Rao-Blackwellized Score Matching on Manifolds

Figuring out what denoising score matching actually learns when data is drawn from a low-dimensional structure in a high-dimensional space [arXiv]

(Part of a series of short writeups covering recent work.)

A lot of modern machine learning assumes the manifold hypothesis: the assumption that the data we care about has some structure to it (formally, this means that it lies on or near some manifold). Under the manifold hypothesis, score matching (a widely used method for learning a data distribution) is fundamentally ill-posed. As a result, practitioners use a variant known as denoising score matching, which resolves the ill-posedness problem, but doesn't necessarily guarantee that we learn the right data distribution. In this work, we examine what exactly is learned by denoising score matching.

Main results.

We show that the tangent DSM target has a fundamental singularity on manifolds: the normal-fiber noise variance diverges as $d/\sigma^2$ as $\sigma \to 0^+$ .
We show that conditioning on the nearest-point projection $\pi(X)$ canonically removes this singularity, giving the unique $L^2$ -optimal Rao-Blackwellized predictor of the tangent denoising target.
We compute the small-noise expansion of this canonical target and show it equals $\nabla_M \log q$ plus an explicit $\sigma^2$ correction decomposing into an intrinsic Tweedie term and an extrinsic curvature term involving the Weingarten and Ricci operators.
On $S^d$ the correction reduces to $(1-d/2)\nabla_M \log q$ ; on $S^2$ the extrinsic term cancels exactly, though the Tweedie correction remains.

Background

Score Matching

A lot of times, we want to learn a data distribution, but we can't because computing the partition function¹ is intractable. So, instead of matching the distribution's values at every point in the domain, we instead match the gradient [Hyv05] (this gets rid of our partition function problem because the partition function is independent of the coordinate $x$ ). This works fantastically for general data, but if we constrain our data to lie on some low dimensional structure, things fall apart rather quickly. Since the probability distribution is nonzero on the manifold, but zero right off the manifold, we have points at which the derivative does not exist and score matching is not well defined. To get around this, we add noise to the data so that it no longer lies exactly on the manifold.²

Denoising score matching. The practical way to do this is denoising score matching (DSM): we take a clean sample $Z \sim q$ (here $q$ is our data distribution defined on the manifold), corrupt it with Gaussian noise to get $X \doteq Z + \sigma\xi$ for $\xi \sim \mathcal{N}(0, I_D)$ , and train a network to regress against the denoising direction $(Z-X)/\sigma^2$ . By Tweedie's formula [Efr11], minimizing this regression loss recovers the score of the noisy density $q_\sigma = q * \phi_\sigma$ , and as $\sigma \to 0^+$ , this converges to the score of $q$ itself. When $q$ is a nice density on $\mathbb R^D$ , we are done: DSM gives you the score up to a $\sigma^2$ smoothing bias.

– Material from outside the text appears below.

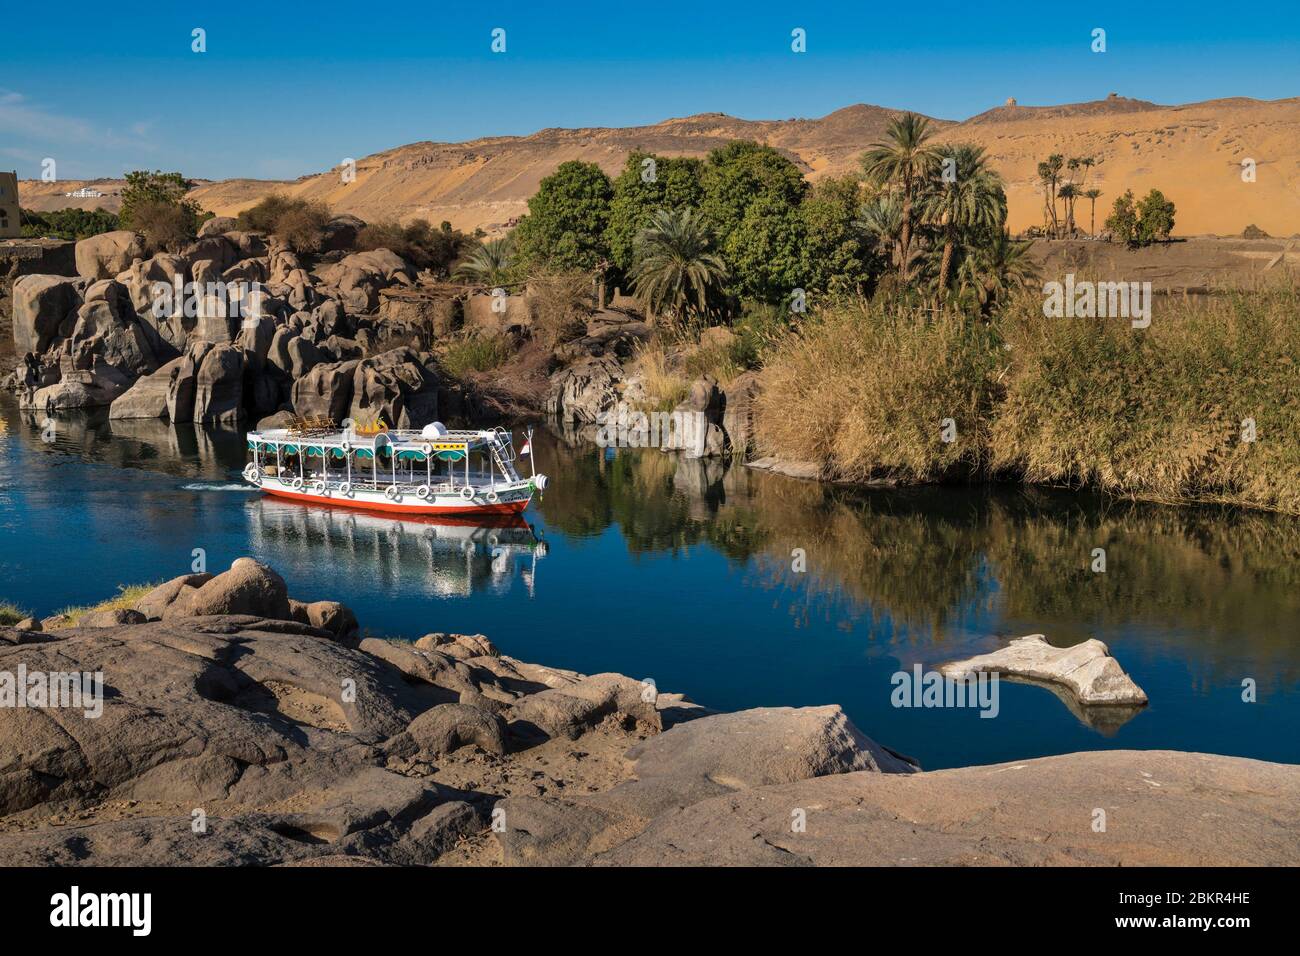 Egypt, Upper Egypt, Nile valley, Aswan, touristic boat on the Nile in front of Elephantine island with Aga Khan Mausoleum in the background Stock Photo

But under the manifold hypothesis the ambient score doesn't exist at all ( $q$ has no density w.r.t. the Lebesgue measure), so there is nothing to take the gradient of. DSM at $\sigma > 0$ is still a well-defined regression problem, it's just not clear what exactly it's estimating. To start thinking about this, it's helpful to split the denoising direction at each noisy point $X$ into pieces along and orthogonal to the manifold (denoted $M$ from here on out) at the nearest projection $\pi(X) \in M$ . The normal piece is just $(\pi(X) - X)/\sigma^2$ , a deterministic function of $X$ -- so it contains no information about where $Z$ actually came from on $M$ . All the signal lives in the tangent piece: $T_\sigma \doteq \frac{1}{\sigma^2} P_{T_{\pi(X)} M}(Z - X) \in T_{\pi(X)} M.$

This leaves a few questions open: what is $T_\sigma$ actually estimating? Does it converge to the intrinsic Riemannian score $\nabla_M \log q$ ? Does it even have a sensible variance as $\sigma \to 0^+$ ?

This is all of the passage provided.